We only have problem with ATX being so obsolete that it is painful to watch...
If you haven't noticed, all of the Thunderbolt add-in cards require something similar as well and although no board maker, nor Intel has shared exactly what interfaces are used, SPI, I2C, LPC, etc. are said to be possible options, as they're commonly used for this type of signalling.
But yes, UEFI support is obviously also required.
how do you plea:
the thunderbolt 3 spec is open and has been publicly avaiable since 2017
the 'thunderbolt certification' is whats closed also usb4 pretty much cross covers both
this is stupid this entire product is assinine because you don't just add a south bridge over pci-e and magicly add more connections to the cpu
which is what you need for this to matter
Their DDR2+DDR3 boards and the boards with both AGP and PCI-e back in the day were neat.
Edit: Or this board with both S478 and LGA775 lol
www.asrock.com/mb/Intel/P4%20Combo/index.asp
Even HEDT-segment ones. 101% agree with this.
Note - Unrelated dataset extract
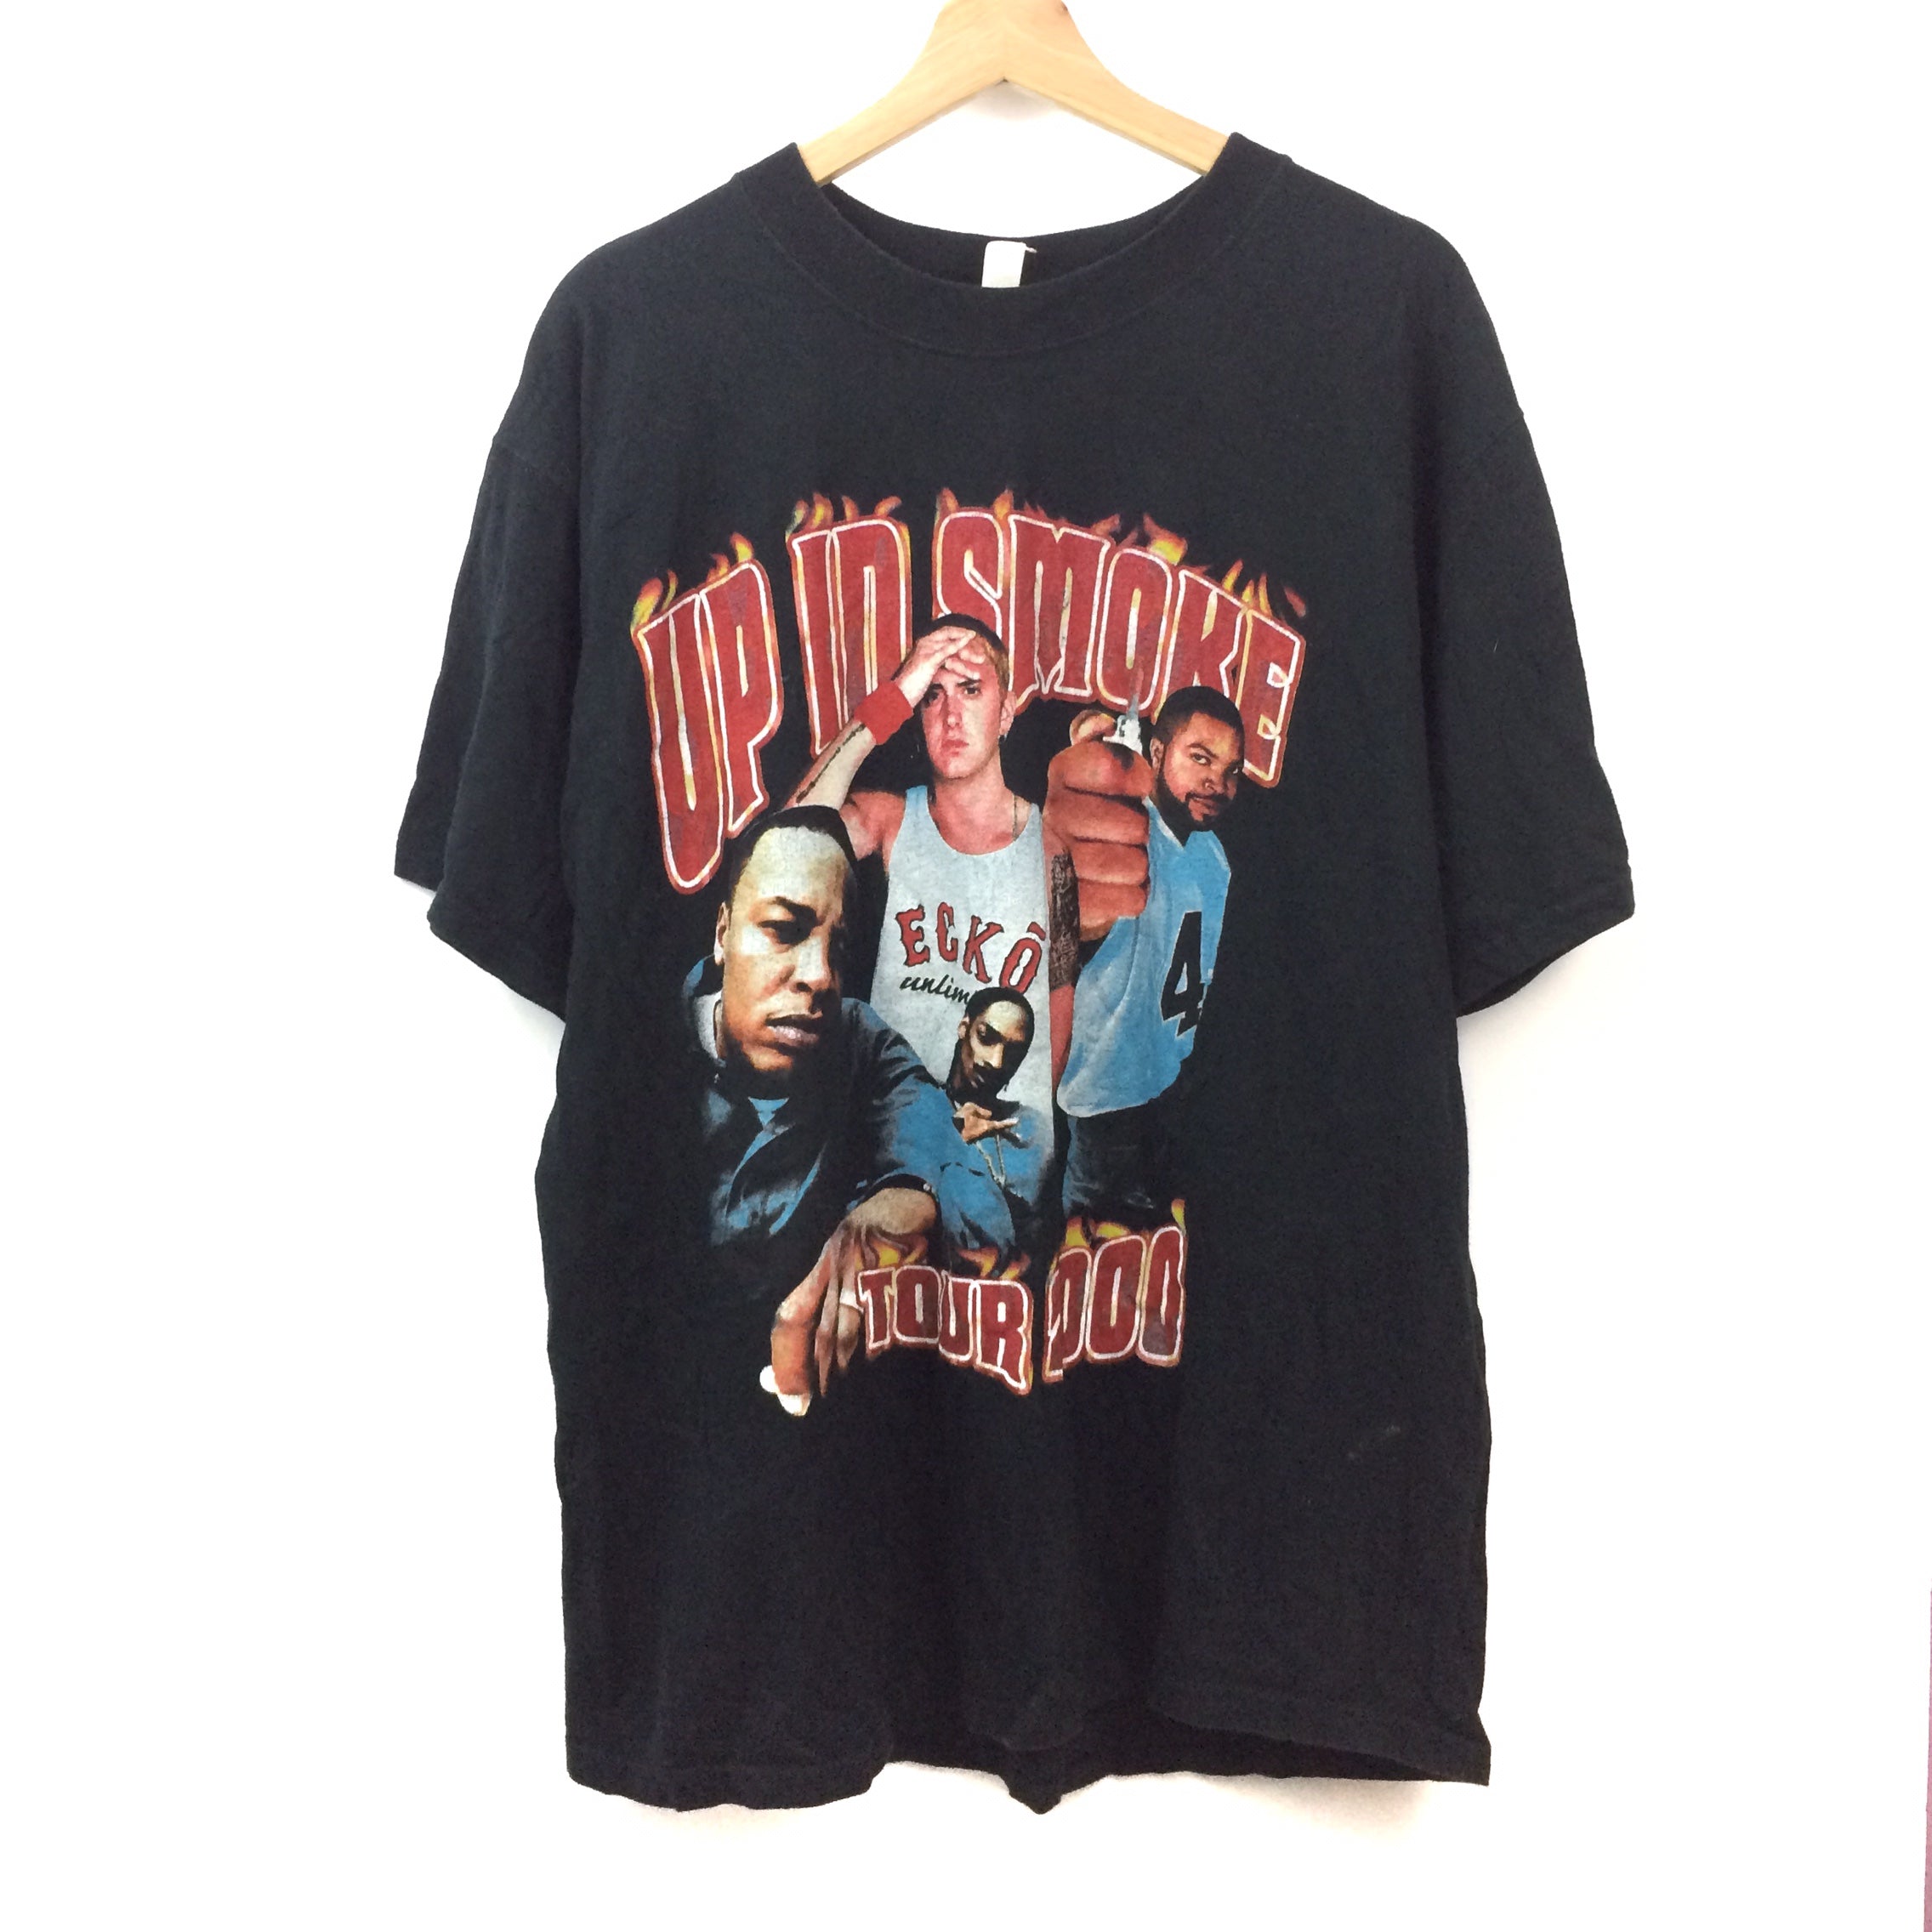 up in smoke tour tシャツ

Its brilliant idea.
Can you imagine (sadly now dead-end) TRX40 boards with two x8 cards like those? Extra 8 M.2s, 2 10Gb NICs, stacks of USB, 8 SATA ports.
The CPU makers shut that down mostly as things moved more into the CPU, but they had some cool stuff
I just... i just want this as an x4 expansion card for everyone. That'd be sick.
we stopped doing this 30 years ago because daughterboards are stupid
btw you can get all of this on a pci-e card no need for a seperate chipset
just slap a Usb4 Controler on a card add a 10g ethernet nic from realtek And a Pci-e PLX to drive the nvme bays
there is litterally zero need to have a seperate chipset on .... whatever this abomination is
Maybe learn how things work before making daft comments? Not all chipsets support proper bifurcation, so... PLX chips cost more than AMD/ASMedia's chipset. Plus this incorporates native support for more interfaces whereas the PLX chips are just PCIe bridges/splitters.
Realtek doesn't make 10 Gbps PHY's as yet. I guess you'll never get an X670 board either then?